What is being asked =
Exact copy, no pictures: output each line below as it stands.

Data below =
════════════════
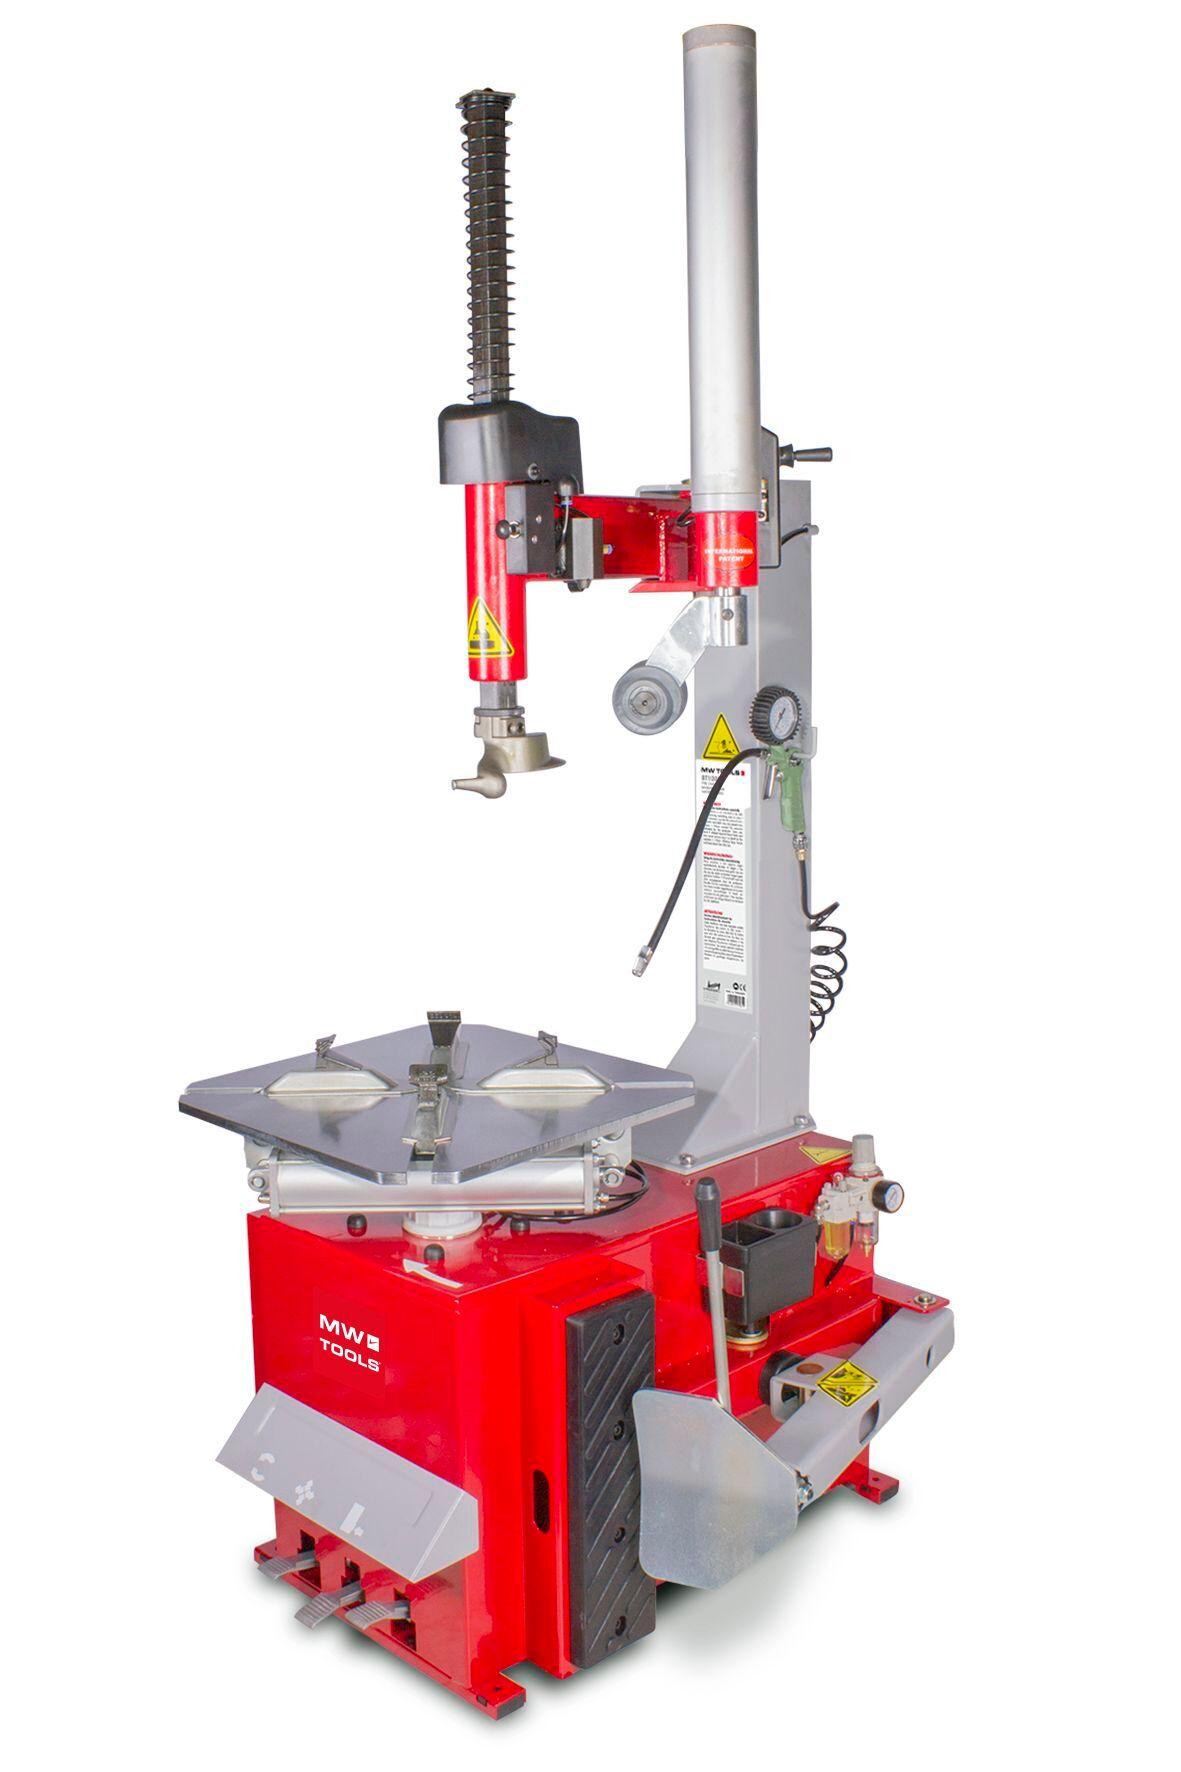 Mw-tools Démonte-pneus pneumatique avec bras d'assistance 380V - pneu 10 à 24 MW-Tools BT200
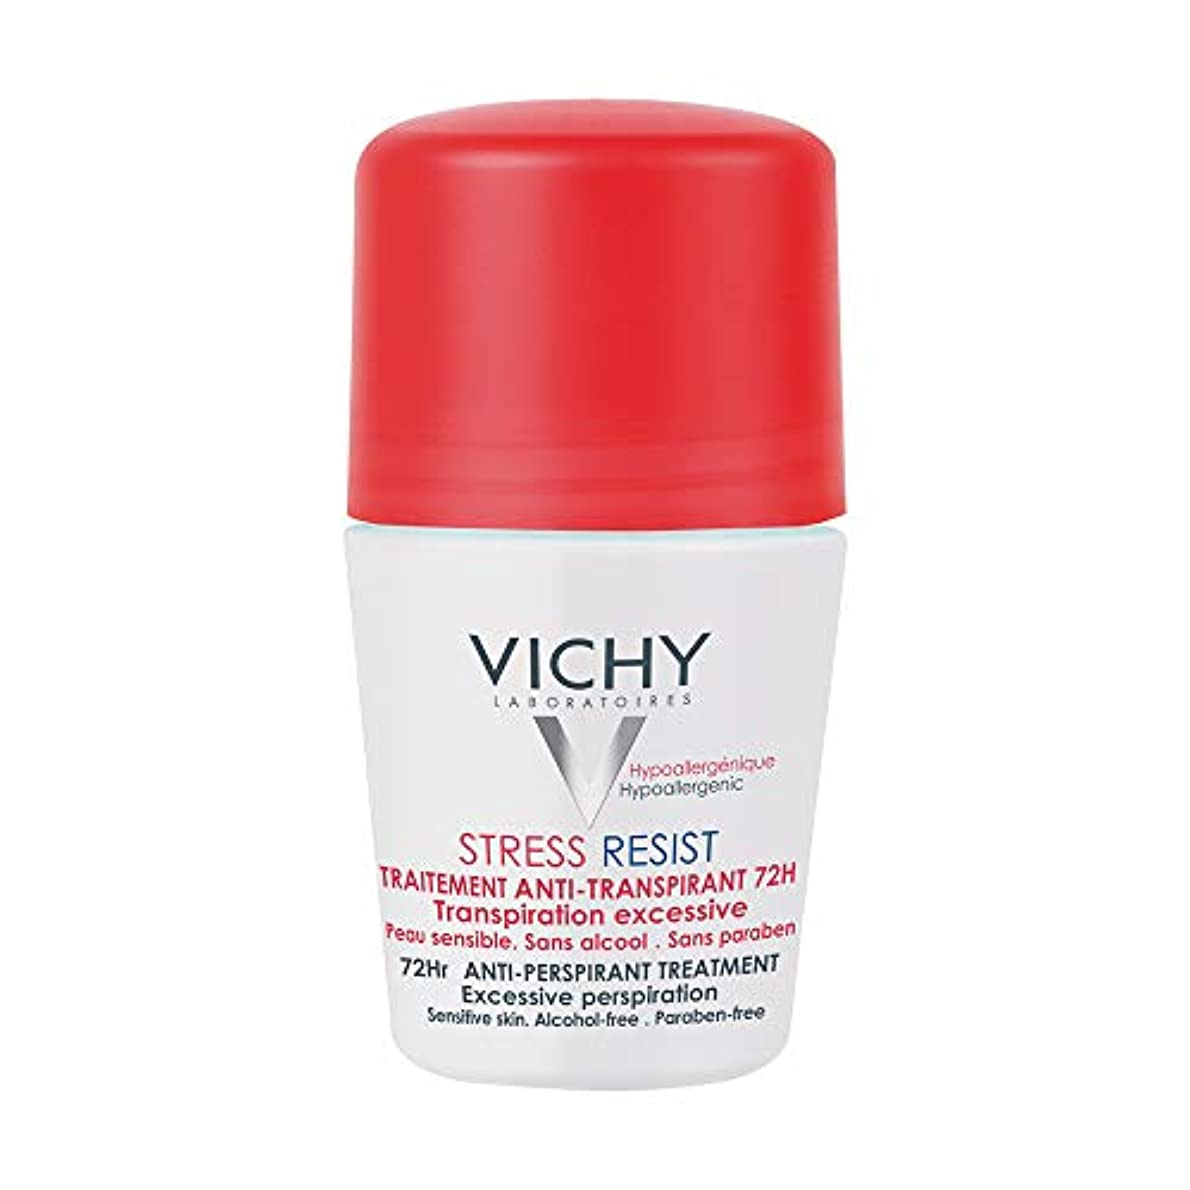 Vichy Deo Stress Resist Intense Perspiration 50ml
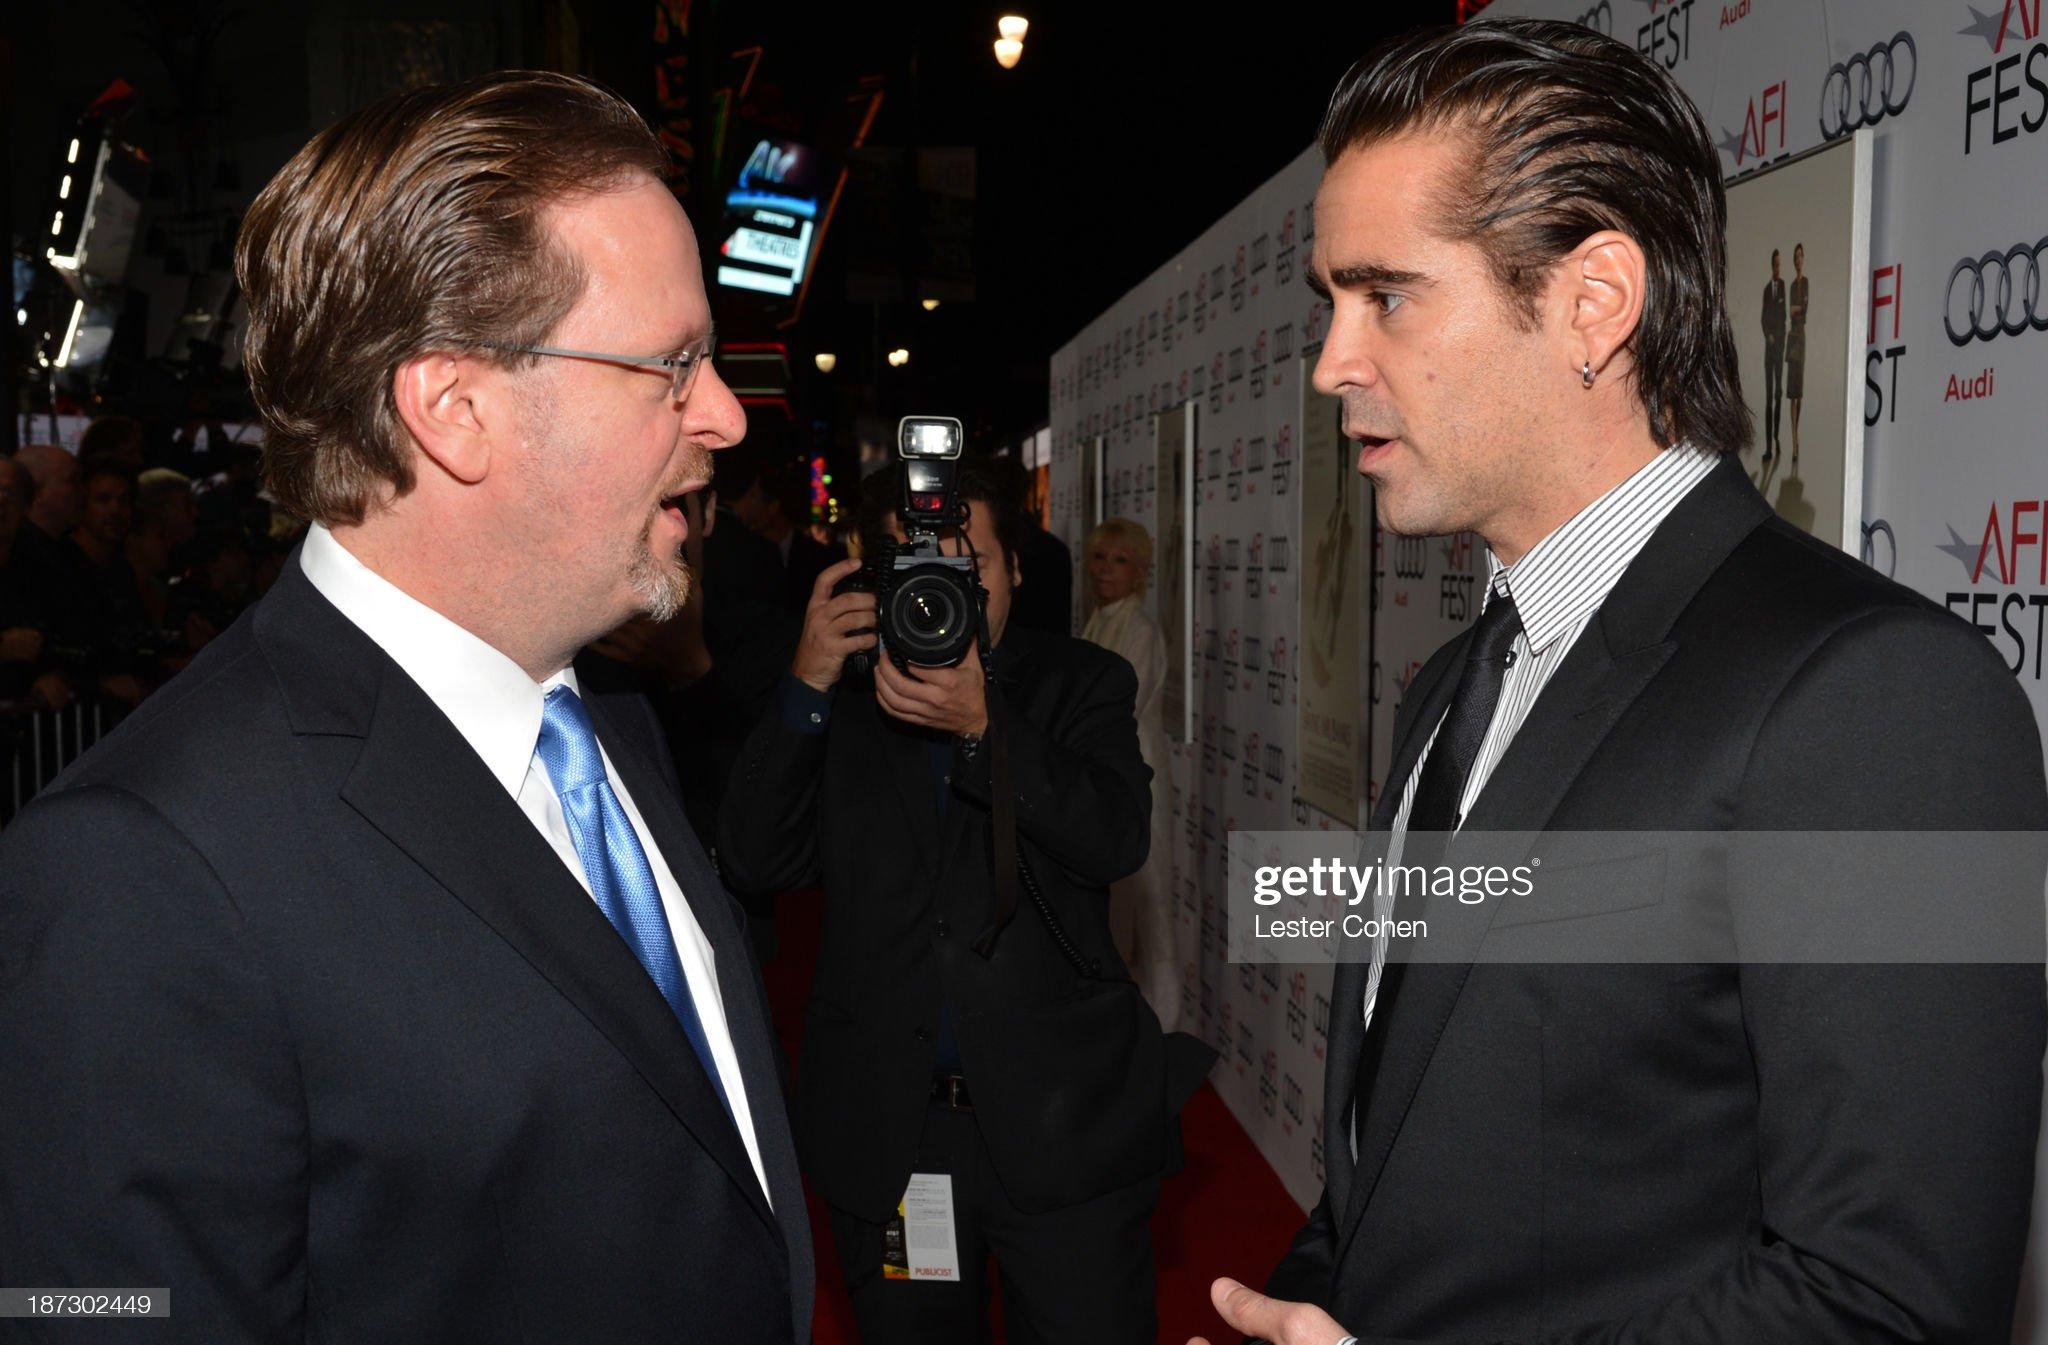 ¿Cuánto mide Colin Farrell? - Altura - Real height President-ceo-bob-gazzale-and-actor-colin-farrell-attend-the-premiere-picture-id187302449?s=2048x2048
════════════════
Exercise answer =
 Mw-tools Démonte-pneus pneumatique avec bras d'assistance 380V - pneu 10 à 24 MW-Tools BT200
 Vichy Deo Stress Resist Intense Perspiration 50ml
 ¿Cuánto mide Colin Farrell? - Altura - Real height President-ceo-bob-gazzale-and-actor-colin-farrell-attend-the-premiere-picture-id187302449?s=2048x2048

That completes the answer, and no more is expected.